Кроме того, у японцев были свои, особые пристрастия к Чехову. Так, я заметил их почти навязчивый интерес к произведениям, так или иначе связанным с темой сада. Интерес этот был характерен и для самого Чехова. Не случайно, что в том же году, что и «Рассказ старшего садовника», он написал рассказ «Черный монах» (1894), в коем антагонист главного героя — садовник. Для японцев сад издревле выступает защитной оболочкой между человеком и природой. Отсюда проистекает их внимание к «садовой» тематике Чехова. «Черного монаха» они перевели уже в 1907-м, а вскоре был переведен «Вишневый сад» (в 1912-1913 годах; поставлен в 1915-м).

В случае с «Вишневым садом» напрашивается прямое соответствие этого образа японским художественным традициям. Но соответствие это достаточно внешнее. Цветение сакуры для японца — совсем не то, что вишневый цвет для русского. Сакура — растение дикое, любование ею не несет в себе оттенка утилитарности, к тому же растет она не в барских усадьбах и любоваться ее лепестками могут все. Тема гибели дворянского гнезда (лейтмотив «Вишневого сада») в облетающих цветах сакуры не содержится. Поэтому когда Акутагава переложил чеховскую пьесу в рассказ «Сад» («Нива»), где речь шла о гибели декоративного садика, это свидетельствовало о глубоком понимании идеи произведения. Акутагава верно уловил лейтмотив Чехова и описал на фоне разрушающегося сада историю гибели старинного рода Накамура, отпрыски коего не сумели вписаться в новую, буржуазную реальность. Это пример удачной адаптации чеховской темы, хотя успех был здесь достигнут ценой тотальной японизации русского прототекста.

<...>

Отношение японцев к творчеству русского писателя определялось их внутренним взаимным сходством, но это глубинное родство японцы далеко не всегда умели ясно выразить.

Творческая манера Чехова: отсутствие внешней аффектированности, простота сюжета, внешняя объективность описания, сдержанность в выражении собственного отношения к происходящему, оставление наиболее важных событий за пределами словесного описания, роль мелких деталей в создании общей атмосферы — все это было в высшей степени созвучно традиционной японской эстетикет (как заметил кто-то из японских писателей, «Достоевский — это бифштекс с кровью, а мы вместе с Чеховым предпочитаем пресную рыбу»).

<...>

Лауреат Нобелевской премии Кавабата Ясунари, который, по его собственным словам, прошел через магнитное поле притяжения Чехова, заметил однажды, что есть в Чехове нечто восточное — некий горько-сладкий привкус его творений напоминает традиционное японское понятие небытия

Следуя за Кавабатой, можно, глядя под определенным углом зрения, вычленить «буддийские» мотивы в творчестве Чехова.
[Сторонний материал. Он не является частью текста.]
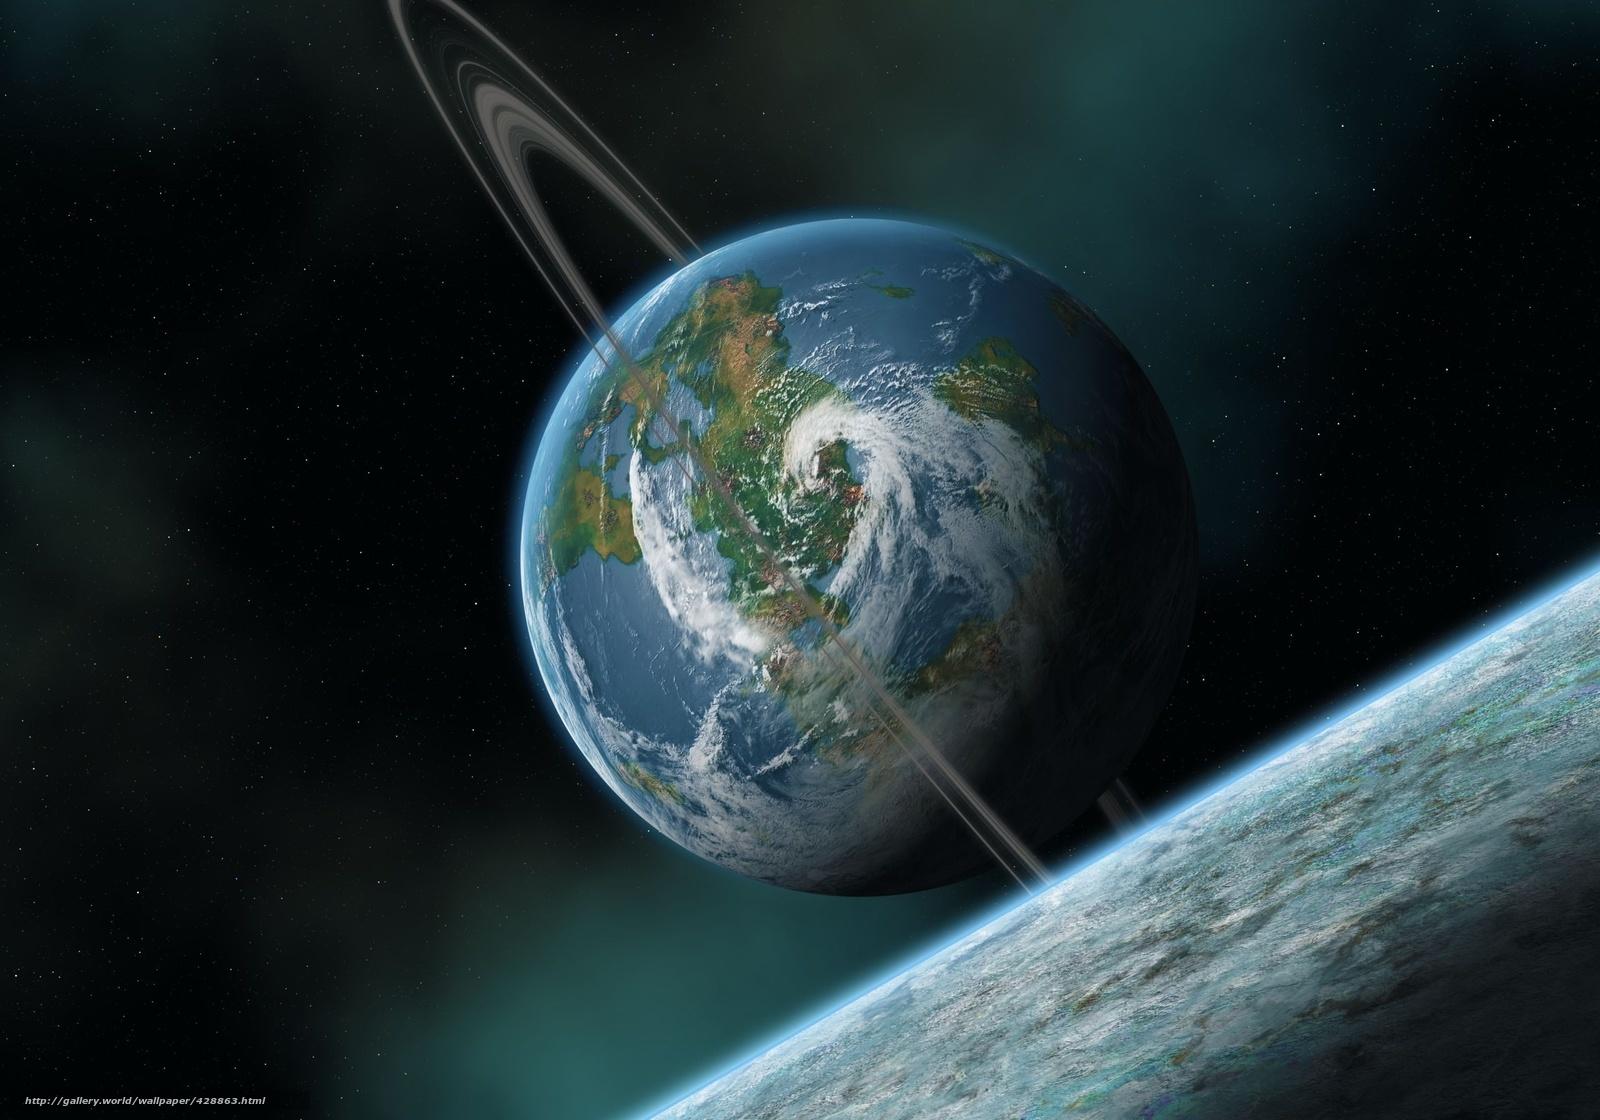 Скачать на телефон обои фото картинку на тему Спутник, луна, атмосфера, облака, циклон, море, вода, разширение 2560x1792

Это мотивы смерти, пессимизма, бессмысленности человеческого существования перед лицом неизбежной смерти, исповедуемые некоторыми его героями.

Манера письма Чехова — создавать целостный художественный образ, избегая прямых описаний внутреннего мира своих персонажей, наилучшим образом совпадает с принципами японской поэтики, проявившимися в творчестве Кавабаты или Танидзаки Дзюнъитиро.

И последнее замечание. Нобори Сёму заметил как-то, что «...пьесы Чехова — это трагедии личностных неудач и крушений». В этой точке зрения я вижу удивительное пересечение поэтики Чехова с культурно-психологической стратегией японского национального характера. Классическая литература Японии пронизана не только элегическими описаниями природы и лирическими эмоциями.